Hispanic is the largest self-reported group for the surname Montejo in the 2020 Census, accounting for 84.1% (1,743 people in the source table).
Montejo appears across multiple self-reported groups in the Census data. The largest shares in the 2020 file are Hispanic (84.1%), White (7.3%), Asian/Pacific Islander (7.3%). For 2020, the source file also published raw headcounts for each group, which is why this page can show both percentages and counts in the ancestry section.
Yes. This page is using the latest surname file currently loaded on Name Census, which is 2020. The historical section above also keeps any older Census surname entries we have for Montejo (2000, 2010, 2020).
No. The Census Bureau only publishes surnames that appeared at least 100 times in a given decennial Census. That means very rare surnames are excluded entirely, and a surname can appear in one Census release but disappear from a later one if it falls below the reporting threshold.

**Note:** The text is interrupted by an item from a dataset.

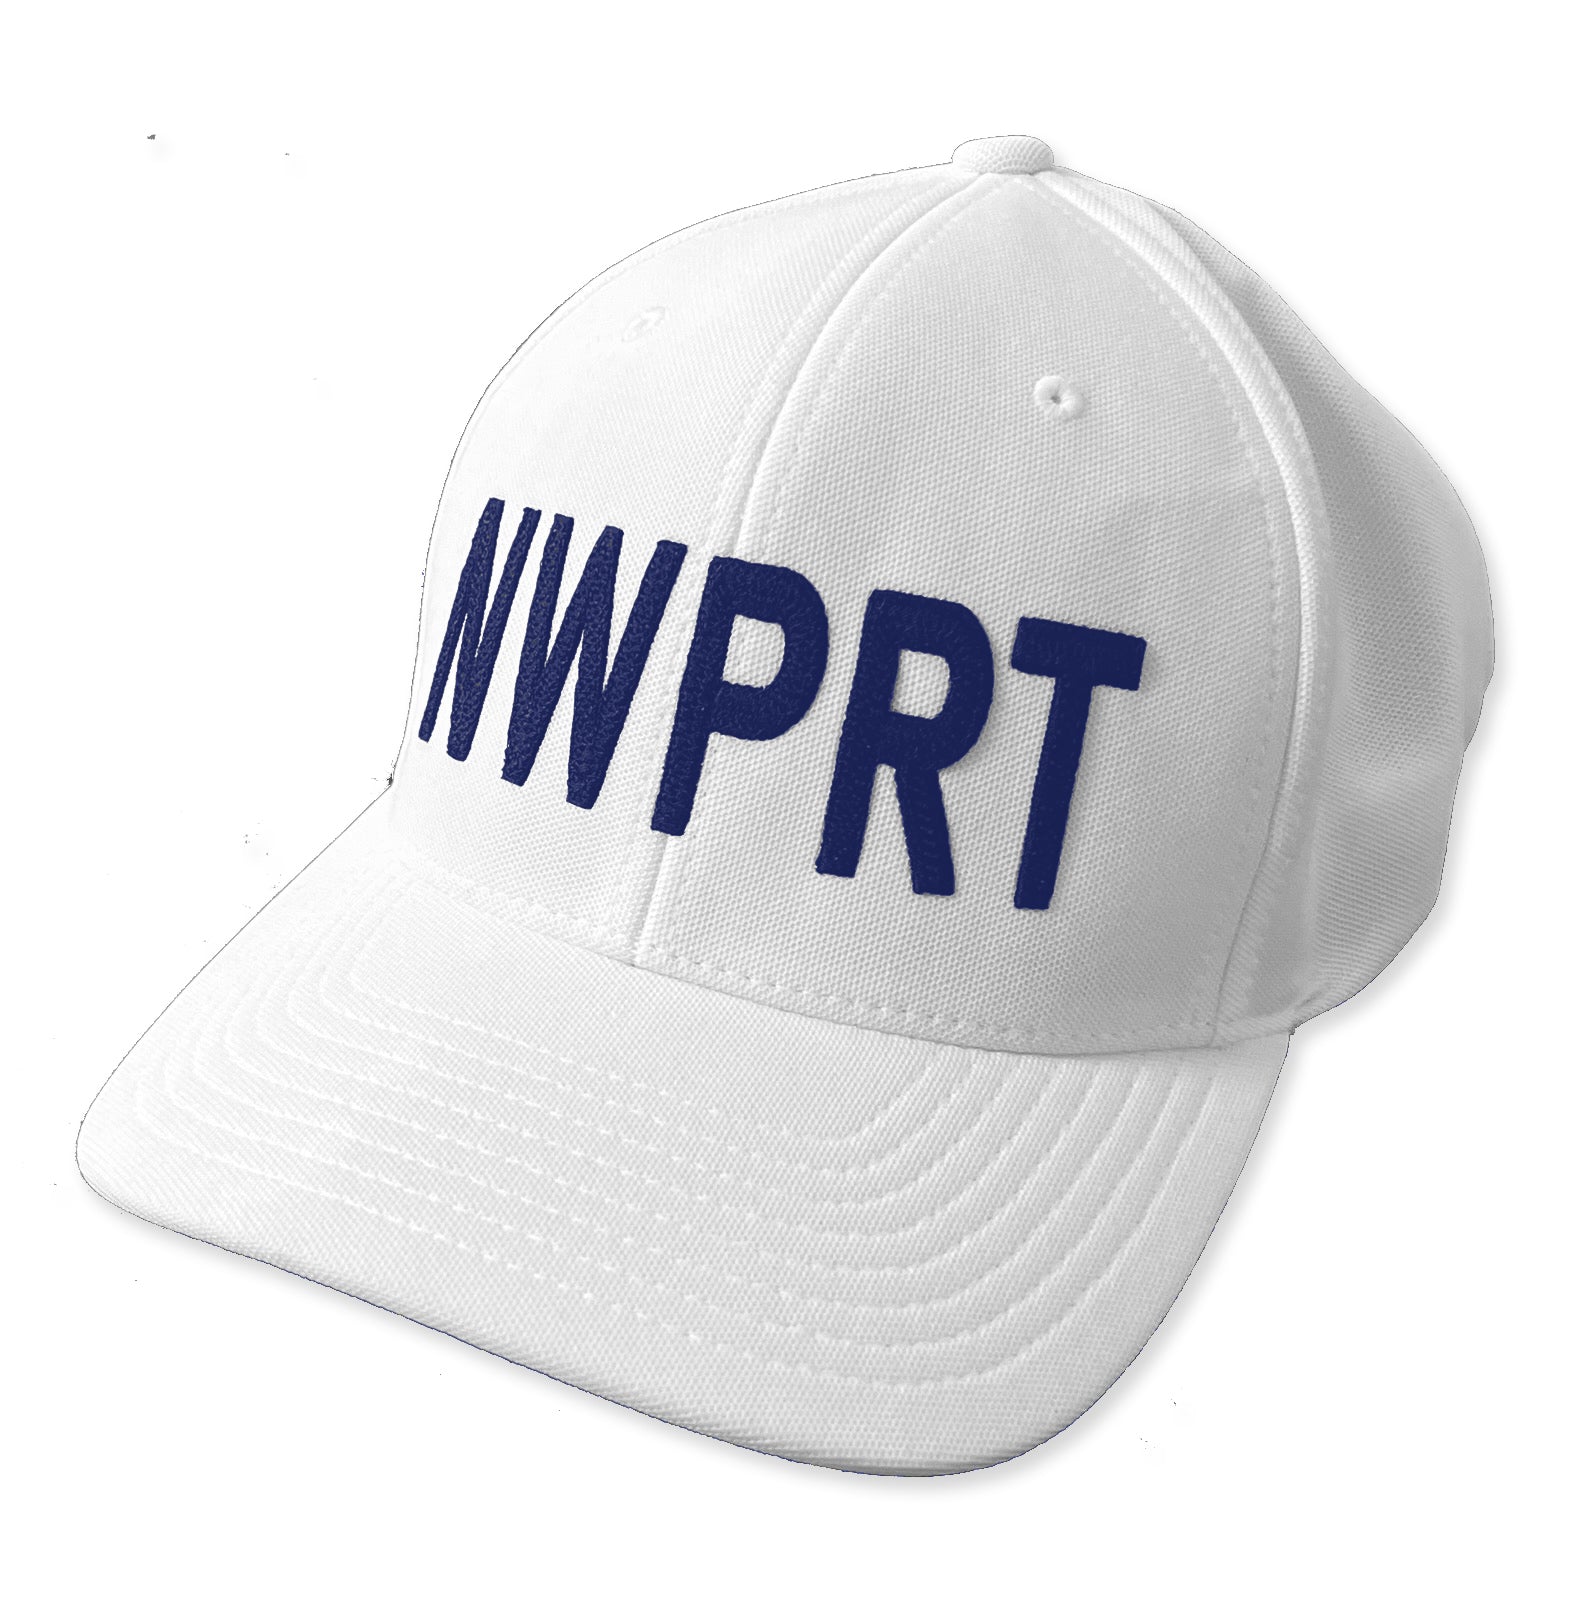 NWPRT Vintage Chain Stitch logo hat

There are two main reasons: rounding and suppression. The Census Bureau rounds published values, and it may suppress very small cells to protect privacy. For 2020, the Bureau also published raw group counts rather than direct percentages, so Name Census converts those counts back into shares for comparability across census years.
A Spanish locative surname indicating origin from Montejo, a town in Spain. The fuller origin note on this page goes into more detail.
All surname statistics on Name Census are drawn from the US Census Bureau's decennial surname frequency tables. These files list every surname that appeared 100 or more times in the 2020 Census, along with a count, a per-100,000 rate, and a self-reported demographic breakdown. You can read the full explanation on our methodology page.
For surnames, Name Census does not age cohorts the way it does for first names. Instead, it takes the Census Bureau's published frequency for Montejo (0.69 per 100,000) and applies that rate to the current U.S. resident population to estimate how many living Americans have the surname today.
HowManyOfMe.org, our sister site, answers that with the living-bearer count in one glance.